Fresh whole-rock samples from Rb-rich muscovite-albite (Mus-Ab) pegmatite and inward zone of barren muscovite-microcline-albite (Mus-Mc-Ab) pegmatite were trimmed to remove weathered surfaces, cleaned with deionized water, crushed in a steel jawcrusher and then powdered to <200 mesh using an agate mill.

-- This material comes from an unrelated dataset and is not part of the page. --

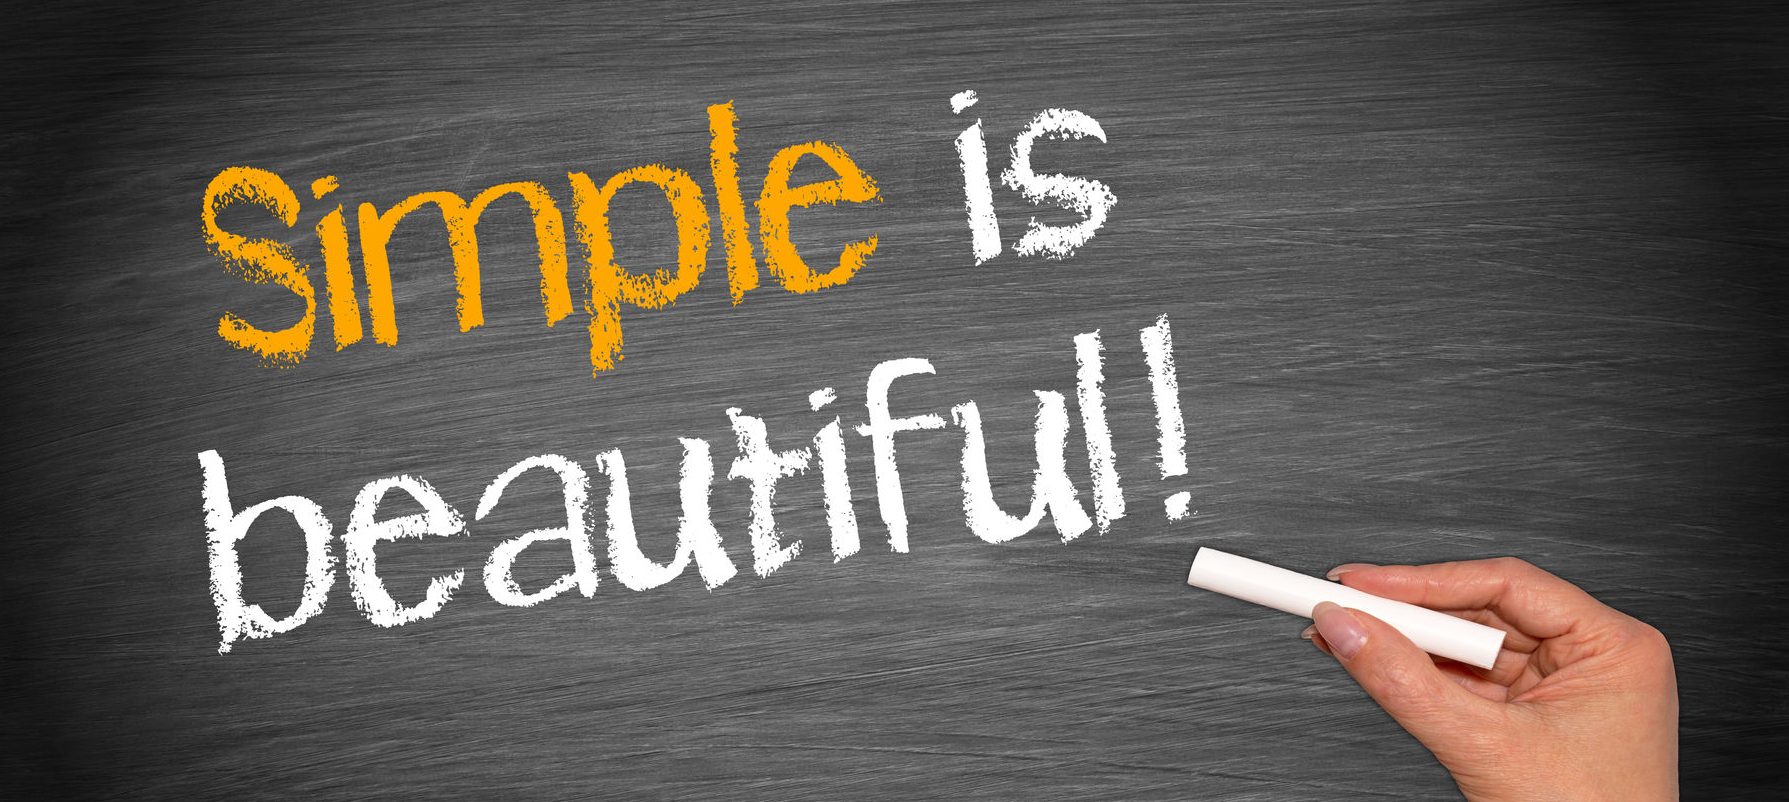 Картинки simple. Beauty is simple. Keep it simple картинки.

Sample preparation and whole-rock major and trace elements were determined at the National Research Center for Geoanalysis, Chinese Academy of Geological Sciences (CAGS), Beijing, China. Major element concentrations were analyzed by X-ray fluorescence (XRF) spectrometry, with analytical uncertainties of ≤0.5 wt.%. Ferric and ferrous iron measurements were performed via wet chemical analysis (titration). The analytical precision for major oxides was based on certified standards (GSR-1, GSR-3). Trace elements were determined using ICP-MS. The analytical uncertainties are 10% when the element abundance is <10 ppm, and around 5% when the element abundance >10 ppm.

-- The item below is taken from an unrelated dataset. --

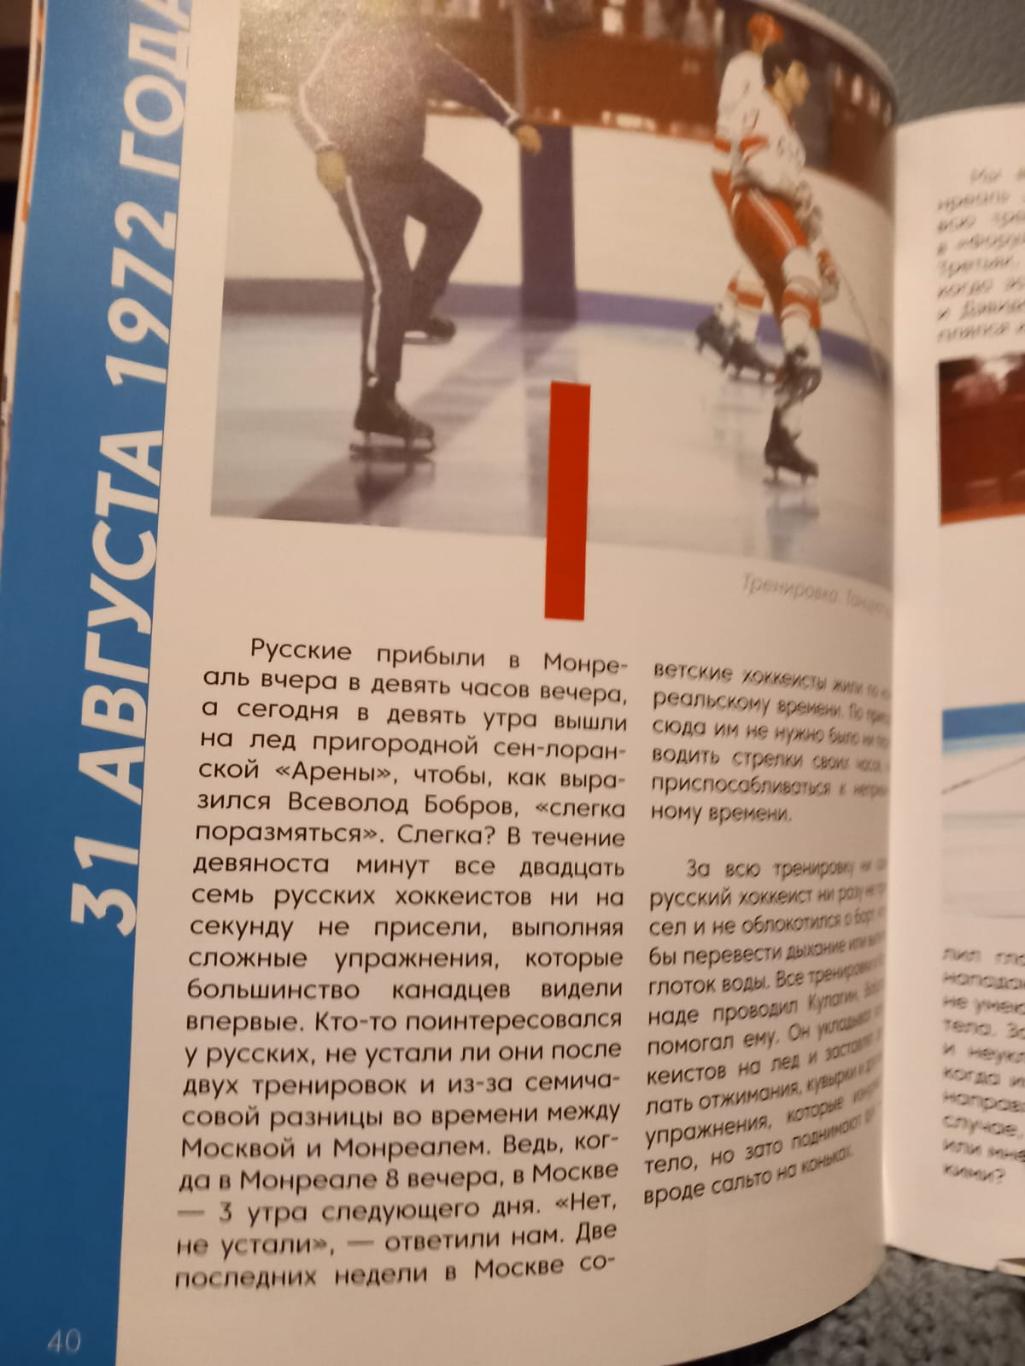 Книга о памятных матчах СССР/Россия - Канада 2

4.2. Mineral Compositions Analysis

Back-scattered electron (BSE) images and quantitative chemical analyses of minerals were performed from polished thin sections using a JEOL JXA-8100 electron probe micro-analyzer (EPMA, JEOL Ltd., Akishima, Tokyo, Japan). Silicate minerals and apatite from barren Mus-Mc-Ab pegmatite were obtained at Beijing Research Institute of Uranium Geology, China. Silicate mineral and apatite from Rb-rich Mus-Ab pegmatite at Institute of Geology and Geophysics, Chinese Academy of Sciences, Beijing. The operating conditions were set at an acceleration voltage of 15 kV, a probe current of 10 nA and a beam diameter of 5 μm. Element peaks and off-peak backgrounds were measured with counting times of 10 s and 5 s, respectively, except for F, Cl (20 and 10 s) and Rb (20 and 10 s). Standards used for analyses were as follows: diopside (Mg, Si, Ca), rutile (Ti), plagioclase (Al), garnet (Fe), rhodonite (Mn), albite (Na), sanidine (K), apatite (P), pollucite (Rb), durango (F), tugtupite (Cl). Data reduction was performed using the internal ZAF matrix correction of JEOL.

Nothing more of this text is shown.